Ramachandran Anupama, Khan Sulthan I R, Siddeeqh Salman, Gopinathan Pillai A, Bijai Laliytha K, Iyer Kiran
Department of Conservative Dentistry and Endodontics, Chettinad Dental College, Rajiv Gandhi Salai, Kelambakkam, Chennai, Tamil Nadu, India.
Department of Restorative and Prosthetic Dental Sciences, College of Dentistry, King Saud Bin Abdulaziz University for Health Sciences, Riyadh, Kingdom of Saudi Arabia.
J Pharm Bioallied Sci. 2023 Jul;15(Suppl 1):S383-S390. doi: 10.4103/jpbs.jpbs_99_23. Epub 2023 Jul 5.
Pain management is a cornerstone in the practice of endodontics. However, optimum pain control has been a challenge in cases of symptomatic irreversible pulpitis resulting in a "hot tooth." Thus, the objective of the study is to assess the knowledge and attitude and to determine the clinical protocols of "hot tooth" management followed among general practitioners and specialists.

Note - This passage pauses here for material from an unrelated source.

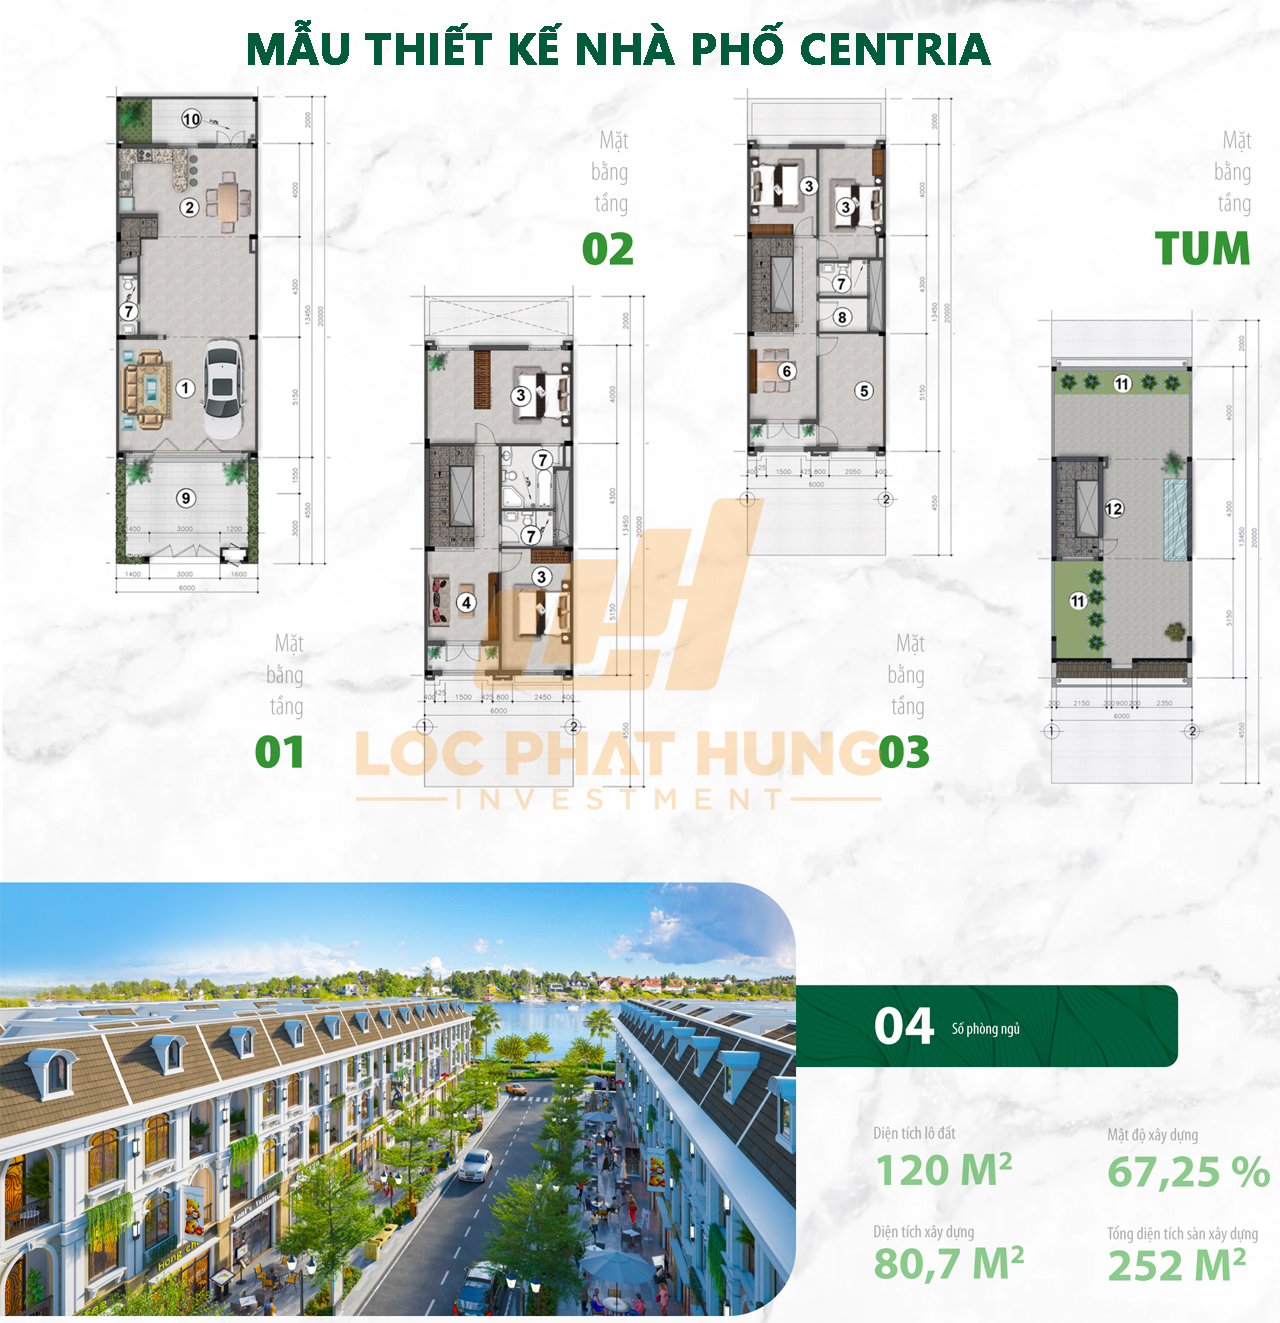 Mẫu thiết kế nhà phố & Nhà phố Thương mai Centria Island

The KAP questionnaire contained 05 knowledge, 04 attitudes, and 06 practice-related items. The questionnaire was pretested among 10 randomly selected general dentists and endodontists. Testing-retesting was also performed. The questionnaire was self-administered and the acceptance to answer the questionnaire was considered consent to participate in the study. The sample size was calculated to be 200 with a 95% level of confidence. Descriptive statistics were used. For significance level, < 0.05 was considered statistically significant. The Chi-square test was used for comparison between the endodontists and the general dentists.
The anesthetic techniques that clinicians are most skilled in are infiltration and inferior alveolar nerve block (IANB) - 96.6% and 98.5% respectively. The intraosseous technique (IO) was the least preferred technique (6.8%). The most common supplementary injection used among both the BDS and MDS graduates was intrapulpal anesthesia. In cases of acute pulpitis, 54% of the respondents prescribed NSAIDs as a pre-anesthetic medication.
The current study shows that supplemental injections like intraosseous and intraligamental techniques are underutilized. Also, the benefits of preanesthetic medication for hot tooth management are not harnessed among clinicians despite the sufficient body of evidence.
疼痛管理是牙髓病学实践的基石。然而,在有症状的不可逆性牙髓炎导致“热牙”的病例中,实现最佳的疼痛控制一直是一项挑战。因此,本研究的目的是评估全科医生和专科医生对“热牙”管理的知识和态度,并确定其遵循的临床方案。
KAP问卷包含5项知识、4项态度和6项与实践相关的项目。该问卷在10名随机选择的普通牙医和牙髓病医生中进行了预测试。还进行了重测。问卷采用自填式,接受回答问卷即视为同意参与本研究。计算得出样本量为200,置信水平为95%。采用描述性统计。对于显著性水平,P<0.05被认为具有统计学意义。采用卡方检验对牙髓病医生和普通牙医进行比较。
临床医生最熟练掌握的麻醉技术是浸润麻醉和下牙槽神经阻滞(IANB),分别为96.6%和98.5%。骨内注射技术(IO)是最不常用的技术(6.8%)。BDS和MDS毕业生中最常用的辅助注射是牙髓内麻醉。在急性牙髓炎病例中,54%的受访者将非甾体抗炎药作为麻醉前用药。
当前研究表明,骨内注射和韧带内注射等辅助注射技术未得到充分利用。此外,尽管有充分的证据,但临床医生并未利用麻醉前用药对“热牙”进行管理的益处。